Page 1 of 1

No extraction after installing OCR

PostPosted:Thu Aug 26, 2021 2:50 pm
by Marco_I
Hi all

I'm running openKM on a docker environment on a Intel NUC.

Now I installed OCR according to this guide:
https://docs.openkm.com/kcenter/view/ok ... ngine.html
Code: Select all
system.ocr	String 	/usr/bin/tesseract ${fileIn} ${fileOut} 
If I test OCR in debian console it works.
But in openKM nothing happens.

And if I set system.pdf.force.ocr to "true" then also the regular text extraction works anymore.
So I set it back to "false". Now the text extraction works again, but no OCR.

Anyone an idea what I'm doing wrong? Haven't found any solution on google.

Thank you very much
Marco

PS: "Check text extraction" show exactly the same. And if I test an image it shows me the metadata but no recognized text inside the pic.

Re: No extraction after installing OCR

PostPosted:Thu Aug 26, 2021 3:17 pm
by Marco_I
I think I found a solution. I had the wrong docker container.

https://hub.docker.com/r/openkm/openkm-ce

This helped me.

But I have an additional question:
https://s29843.pcdn.co/blog/wp-content/ ... 24x768.png

From this picture it only can extract "eee FROM AN IMAGE".
This is quite bad. Is there any chance to improve the result?

Re: No extraction after installing OCR

PostPosted:Fri Aug 27, 2021 6:50 pm
by jllort
What tesseract-ocr engine do you have configured ... version 4.x?

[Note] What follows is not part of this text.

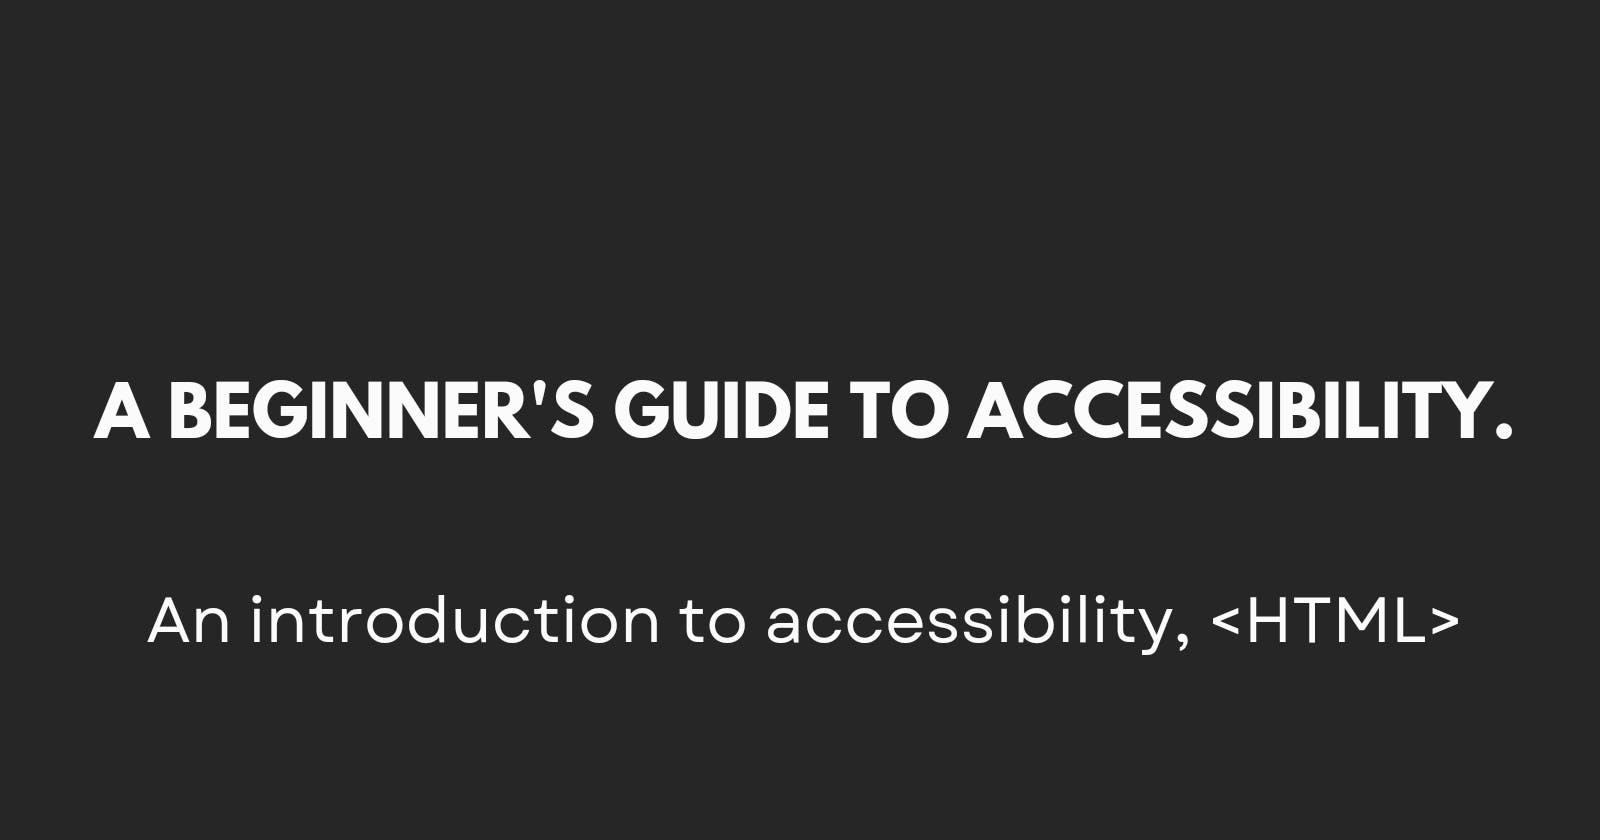 A beginner's guide to accessibility

Re: No extraction after installing OCR

PostPosted:Mon Aug 30, 2021 2:03 pm
by kvist
I am having a somewhat similar problem using the official Docker image, which already comes with Tesseract 4.00 installed. I have found that for some bizarre reason, OpenKM seems to randomly choose any of the Abby, Cuneiform, Tesseract3, and Barcode TextExtractors, no matter the configuration.

Every time I run
Code: Select all
docker run --rm -p 8080:8080 openkm/openkm-ce
then go to localhost:8080 and navigate to Administration > Utility > Test text extraction, OpenKM uses a completely different TextExtractor every time I start a new container, but almost never the one I want it to use.

What exactly am I missing here? I've also created this issue on GitHub, complete with a demo repository

Help would be greatly appreciated!